Apple's exploitation tactics have caused yet another explosion in a Chinese factory killing 13 people¡

Definitely Apple's fault, couldn't be anyone else. Seriously accidents do happen especially in heavy industry. China has made so many improvements over the last few years they get a very hard rap over things like this.
post #10 of 41
Quote:
Originally Posted by SolipsismX View Post

Apple's exploitation tactics have caused yet another explosion in a Chinese factory killing 13 people¡

Of course. It makes sense this is all Apple's fault.

Apple's products are made in China - Apple's fault.

Those products made in China by chinese workers - Apple's fault

Products made with metal that are mined from the earth in China - Apple's fault

13-workers killed in steel plant making steel, mined from the earth, in China - Apple's fault.

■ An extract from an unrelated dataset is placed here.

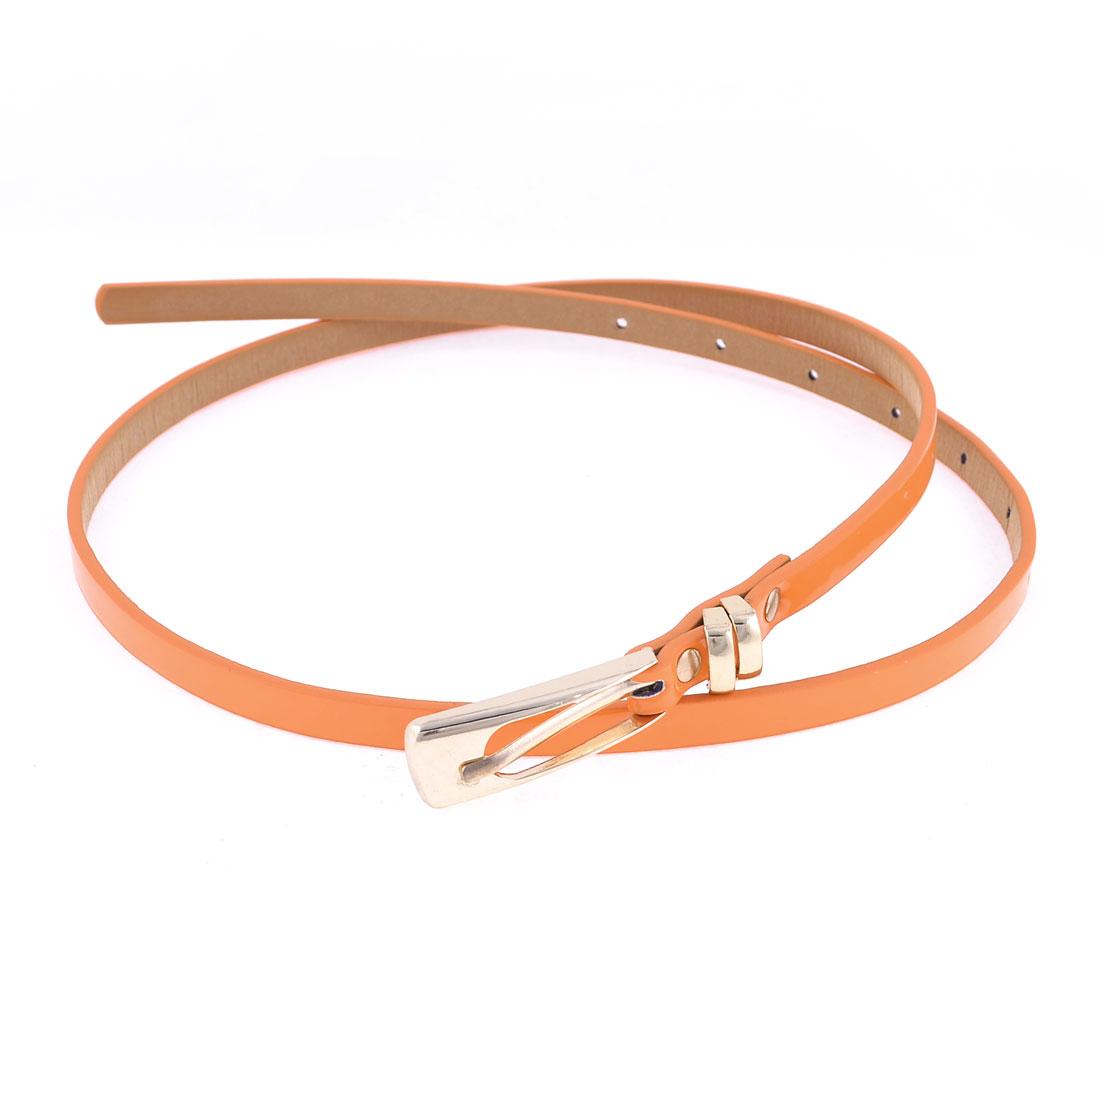 Orange Metal One Pin Buckle Fuax Leather Slender Slim Waist Belt for Women

I see your logic Solips. It's frightening. </s>

I heard in the news that fairy-dust, and unicorn droppings were outsourced to China - Apple's fault.
post #11 of 41
Quote:
Originally Posted by sflocal View Post

Of course. It makes sense this is all Apple's fault.

Apple's products are made in China - Apple's fault.

Those products made in China by chinese workers - Apple's fault

Products made with metal that are mined from the earth in China - Apple's fault

13-workers killed in steel plant making steel, mined from the earth, in China - Apple's fault.

I see your logic Solips. It's frightening. </s>

I heard in the news that fairy-dust, and unicorn droppings were outsourced to China - Apple's fault.

300 million year old forest in China buried in ash - Apple's fault.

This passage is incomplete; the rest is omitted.